Felicia, in Cuba, is long active in the santeria movement, in which she becomes a priestess. Felicia suffers in her dreams for the prostitutes in India, as does Pilar. Also in New York, "Breezes from the sluggish river seem to inscribe [Lourdes'] skin with metal tips" , while in Cuba Felicia finds herself serving in Fidel's army, another metaphor of metal. And while Pilar chafes against the lies of denied social injustice around her, the reluctantly military Felicia does her own combat with official untruths: "In the dark, the moonless jungle, the fissures are not so visible, the hypocrisies and lies less disturbing" Be they strands joining parent and child, estranged sisters, or persons who have never known one another, the affinities and replications recorded have at their web's center Cuba, to which all the strands are attached and from which they emanate. All the characters in the web are in Cuba's orbit. To a large degree, Cuba defines them and their relation to the other characters in the web. Measurements of distance between the characters must all take this center into account, measuring across Cuba,and curving around it. Their distance from the web's center is a measurement reckoned by definition from Cuba, the Cuba they yearn to recover or battle to forget. Neither the integration nor the separation is ever perfect or absolute. Both impulses prove ultimately impossible because in Dreaming in Cuban neither belonging to it nor freedom from it is ever complete, and no homecoming brings one fully home.

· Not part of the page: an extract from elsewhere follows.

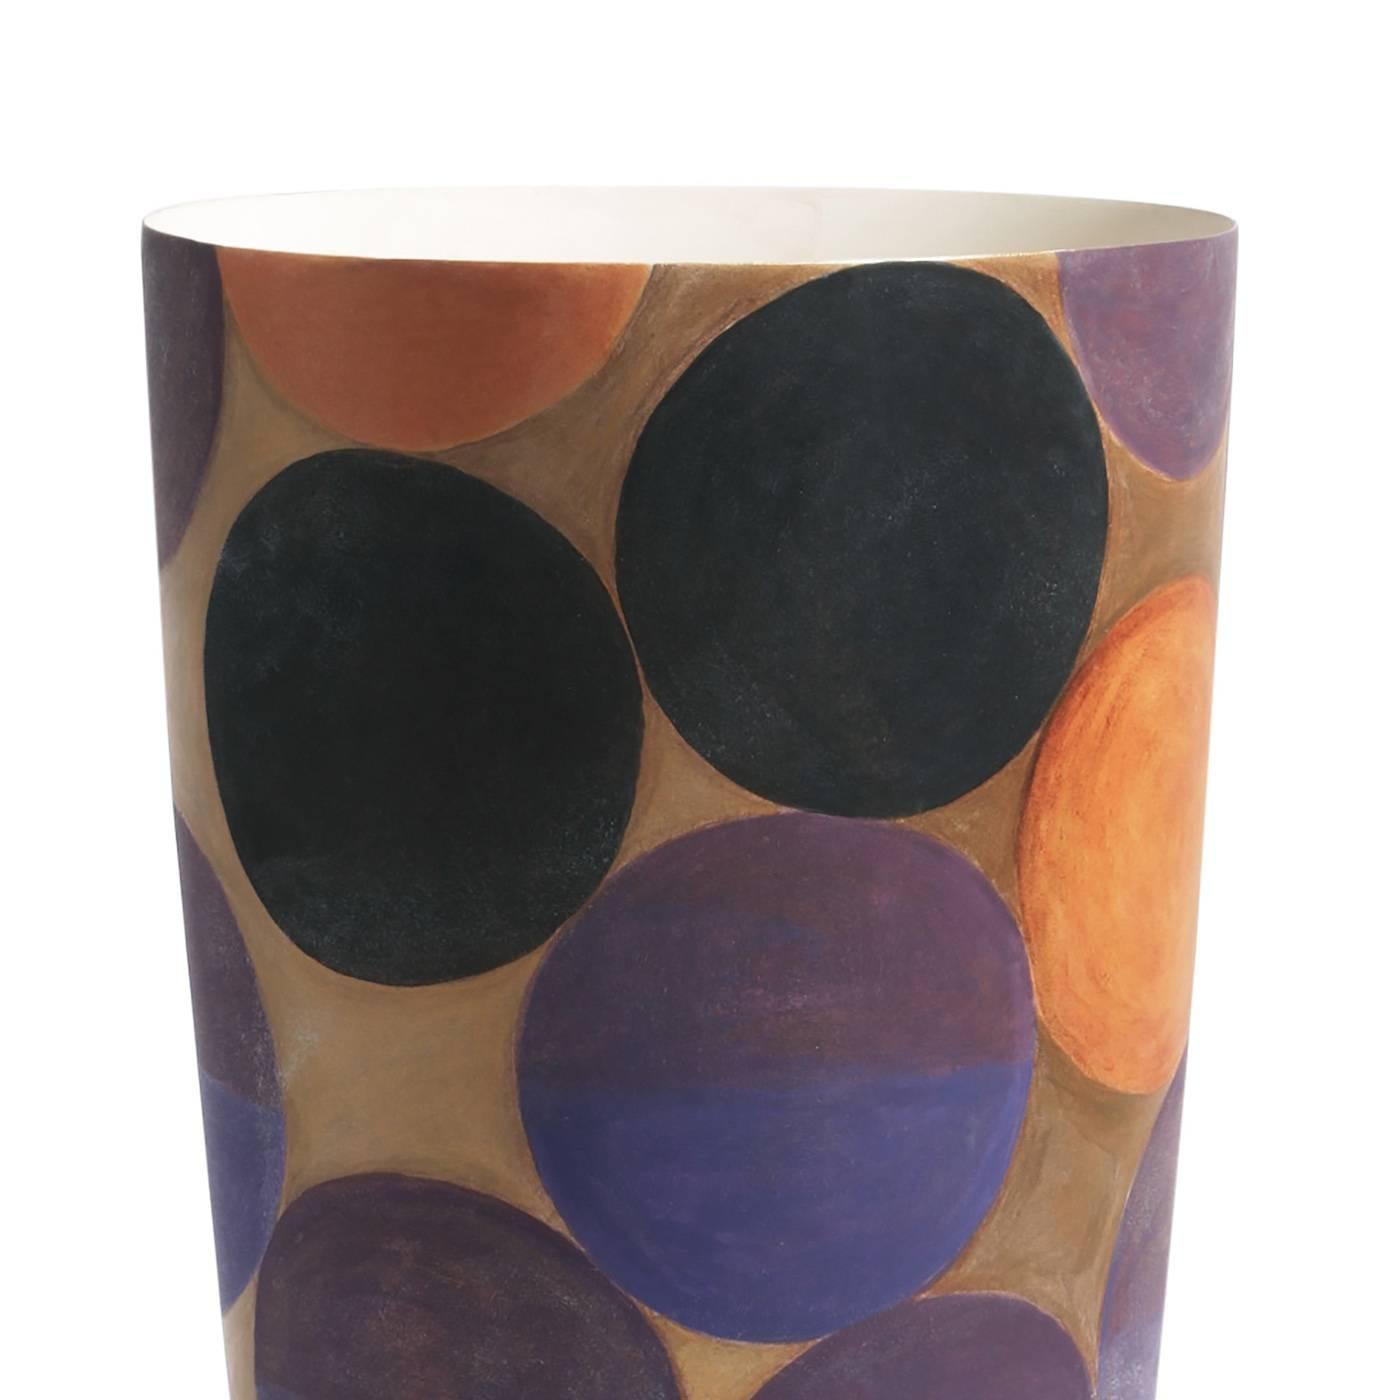 Colorful and playful, this ceramic vase belongs to a limited edition of 50 pieces that were all hand-painted. The simple conic shape of the vase is enriched outside with a series of multicolored large dots in purple, pink, blue, and black almost

In this sense, there can be such a phenomenon as reverse exile, as when Pilar, in Cuba at last in fulfillment of her deepest longings, reflects that Cuba--the one she pined for--is, inevitably, a different and strange exile.

At two points in the novel, reference is made to the continents' slowly and painfully pulling away from one another. "Celia wonders whether Cuba will be left behind, alone in the Caribbean sea with its faulted and folded mountains, its conquests, its memories". Here Cuba, which has shaped all of the characters, is their metaphor as well. Each of them is a continent adrift, pulled from and drawn back to the others,the tear of separation always ragged--a wound--the fit of union always imperfect, the continents' contours again wounding one another in their attempt to fuse. Affinities acknowledged and unseen, fissures alternately and even simultaneously spoken and silent, bind the novel's characters together and split them apart. Sometimes the greatest distances of all are between those continents whose land masses are still joined: Lourdes and Rufino, Pilar and Lourdes, Felicia and her daughters. The Cuba of Garcia's novel is both the sum and the part o the characters' unions and sunderings, and sometimes the cause of their rending. It is also both the product and the dividend, the irreducible core reality in whose terms they all exist.